Exercise aim:
Set down a true copy of the data, with all pictures left out.

Material provided:
^^^^

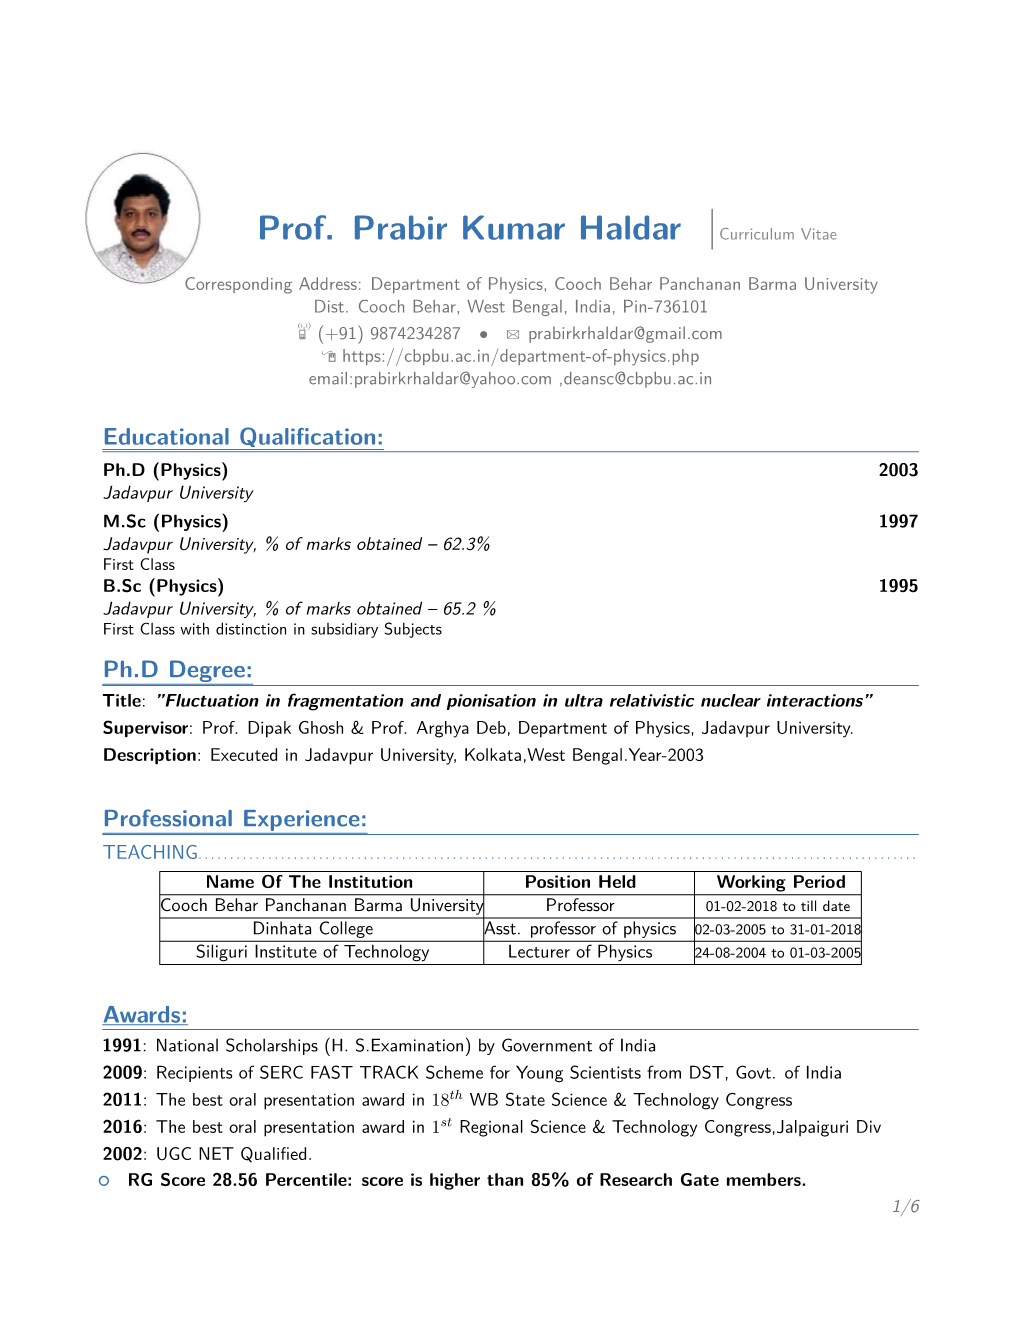 Prof. Prabir Kumar Haldar – Curriculum Vitae
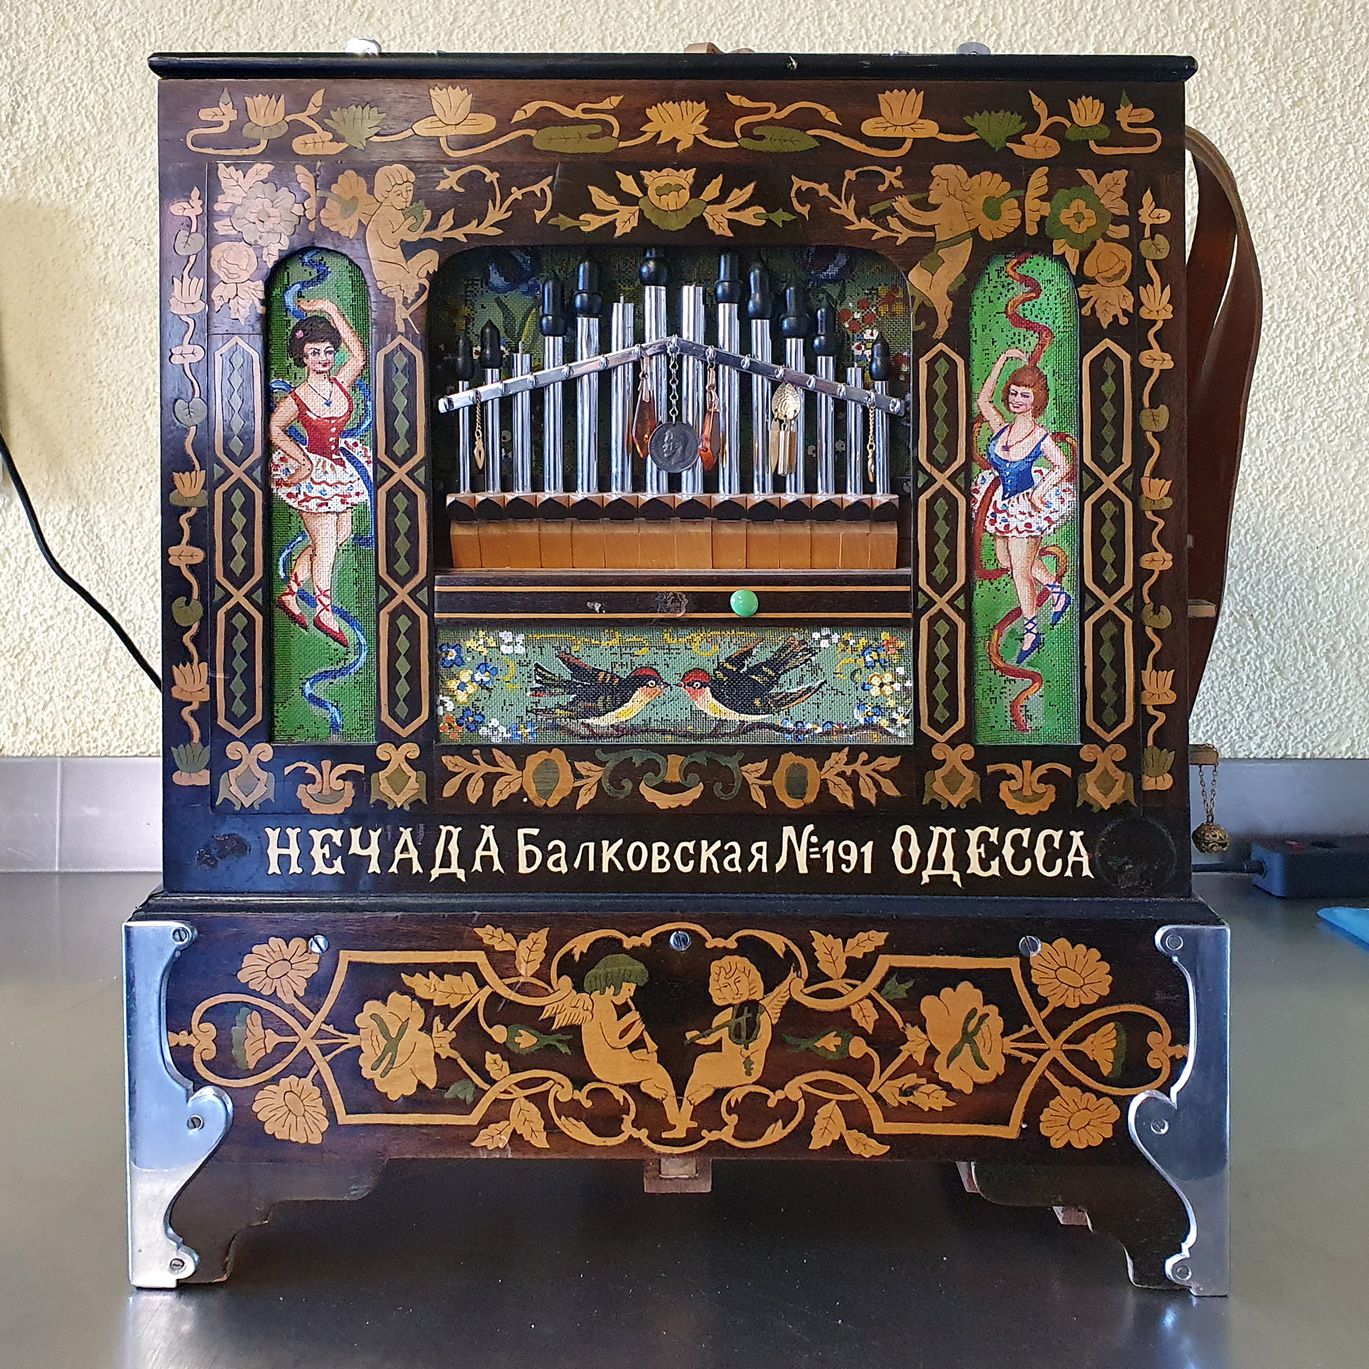 Street Organ from I.Nechada factory (Odessa) around 1910 
Un maravilloso órgano &hellip;
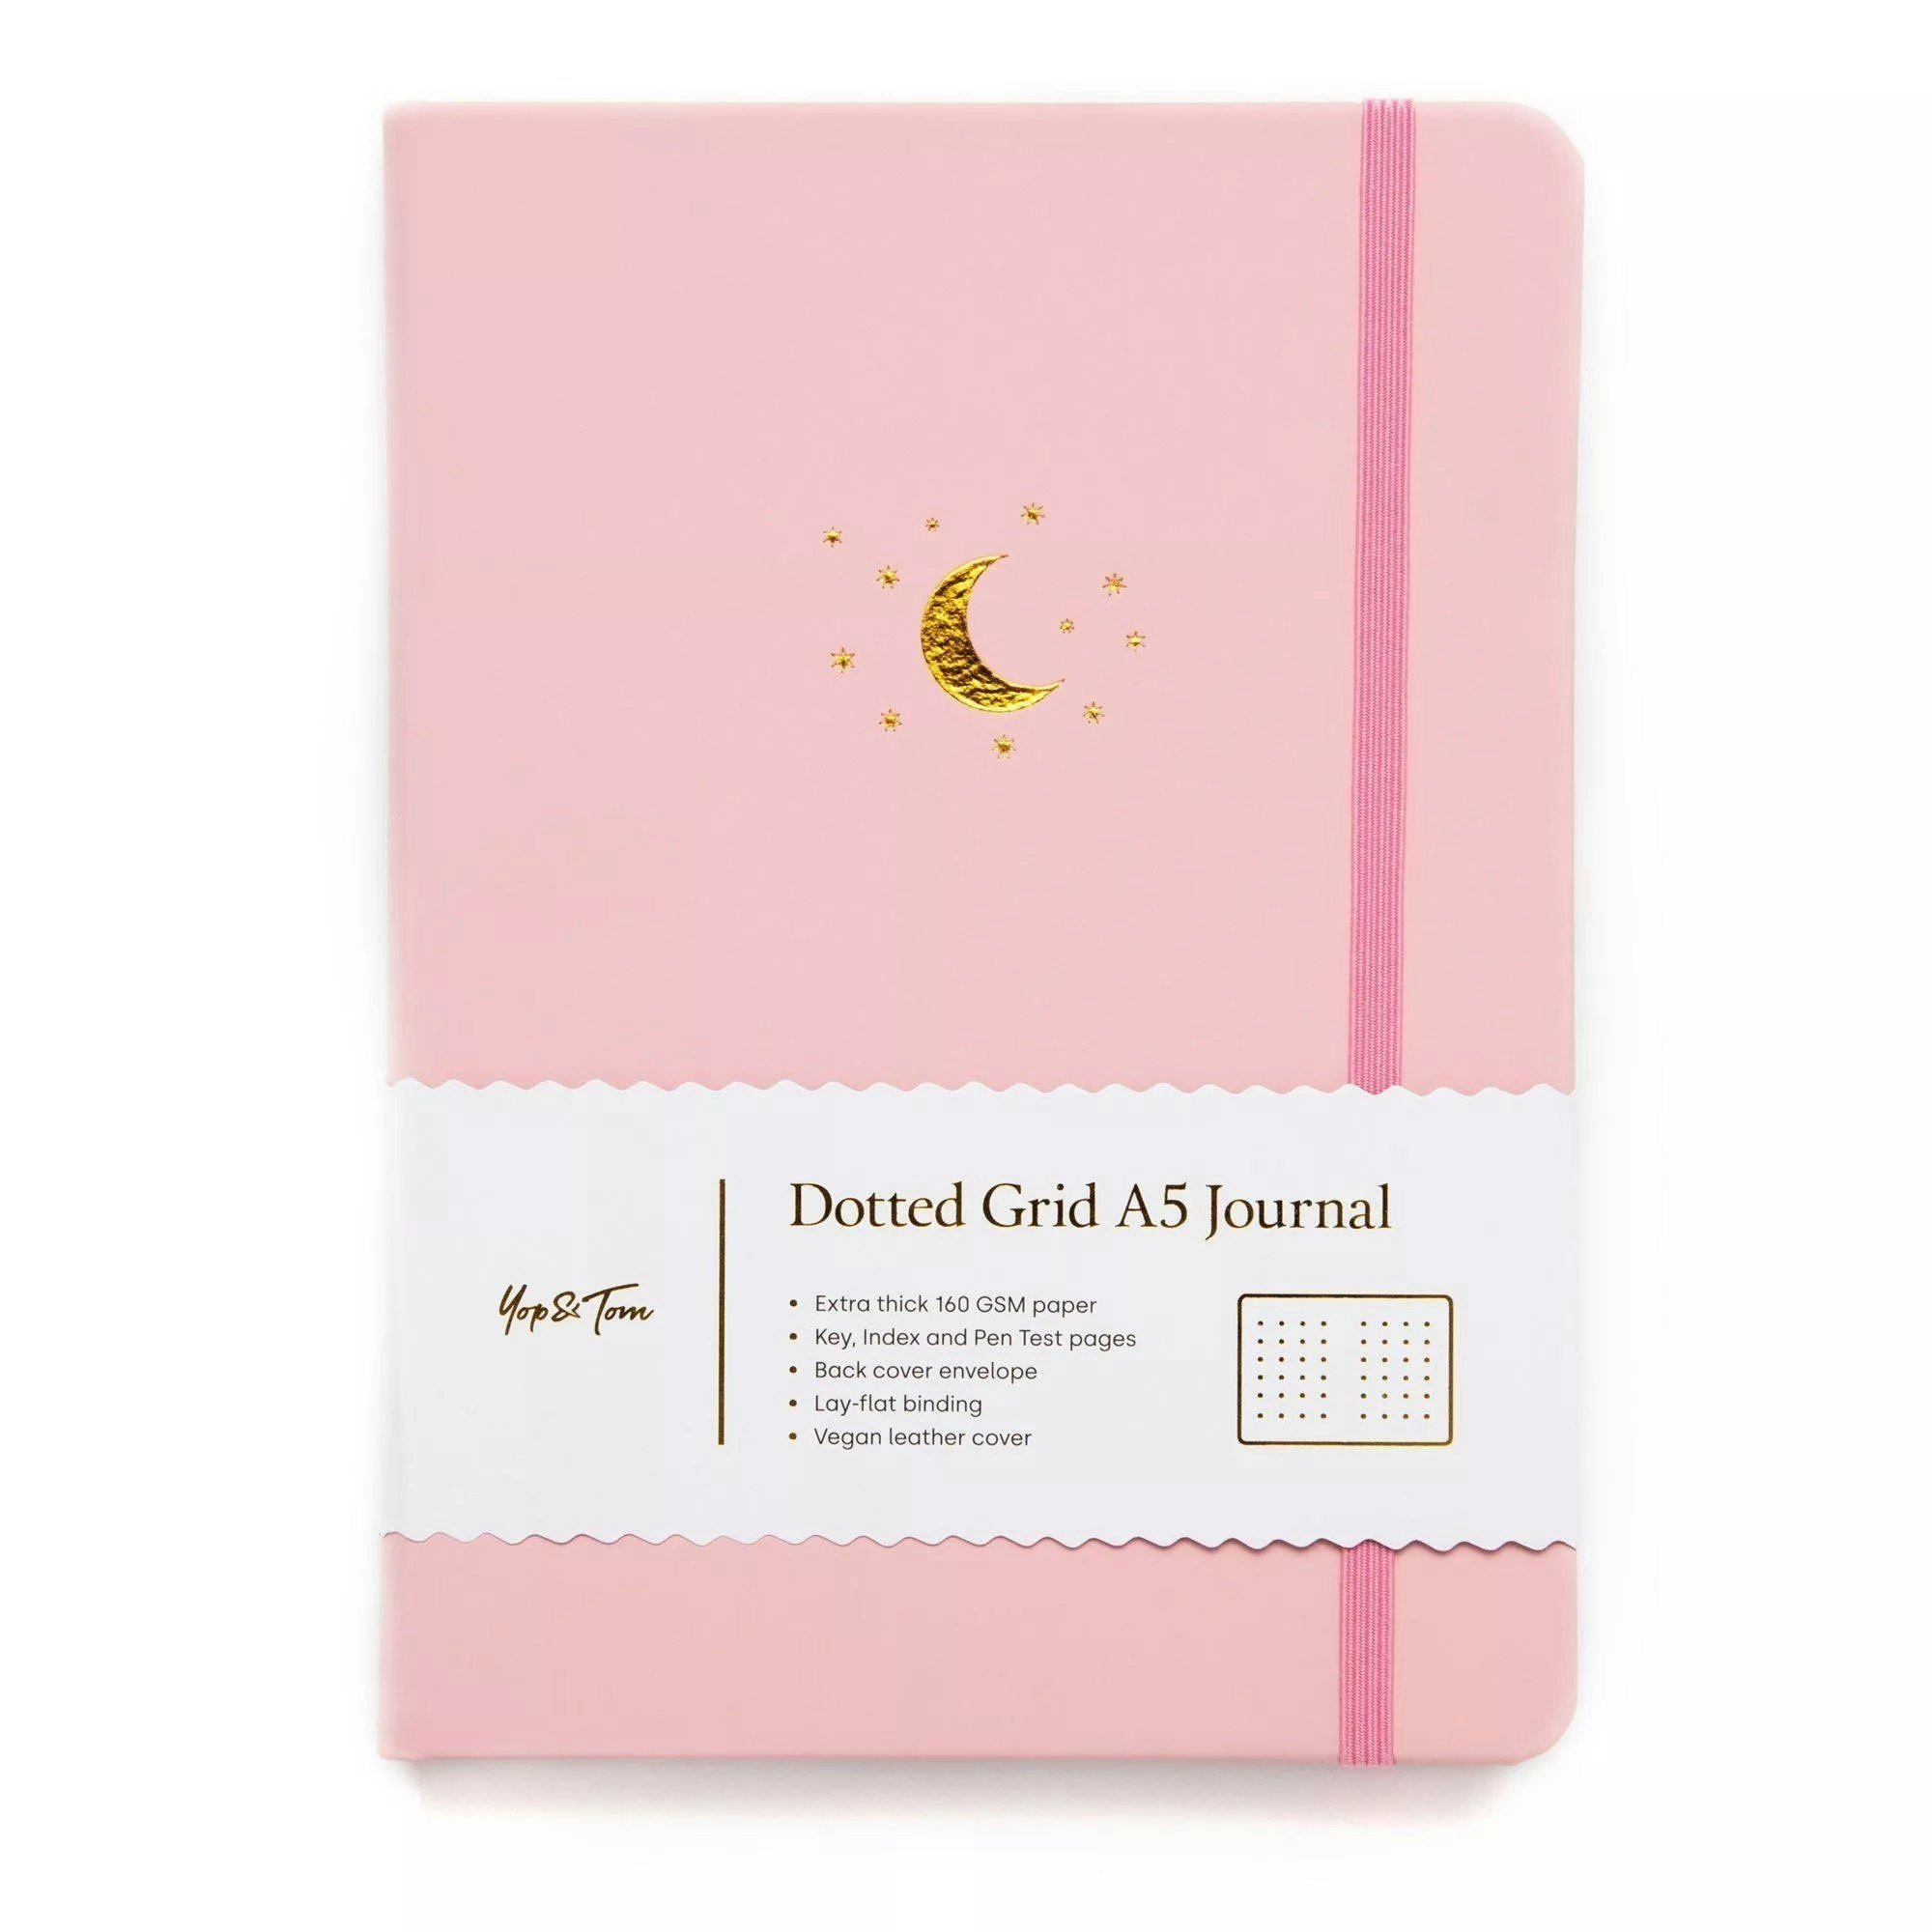 Yop & Tom Dot Grid Journal - Moon and Stars Blush Pink A5

^^^^

Solved exercise:
 Prof. Prabir Kumar Haldar – Curriculum Vitae
 Street Organ from I.Nechada factory (Odessa) around 1910 
Un maravilloso órgano &hellip;
 Yop & Tom Dot Grid Journal - Moon and Stars Blush Pink A5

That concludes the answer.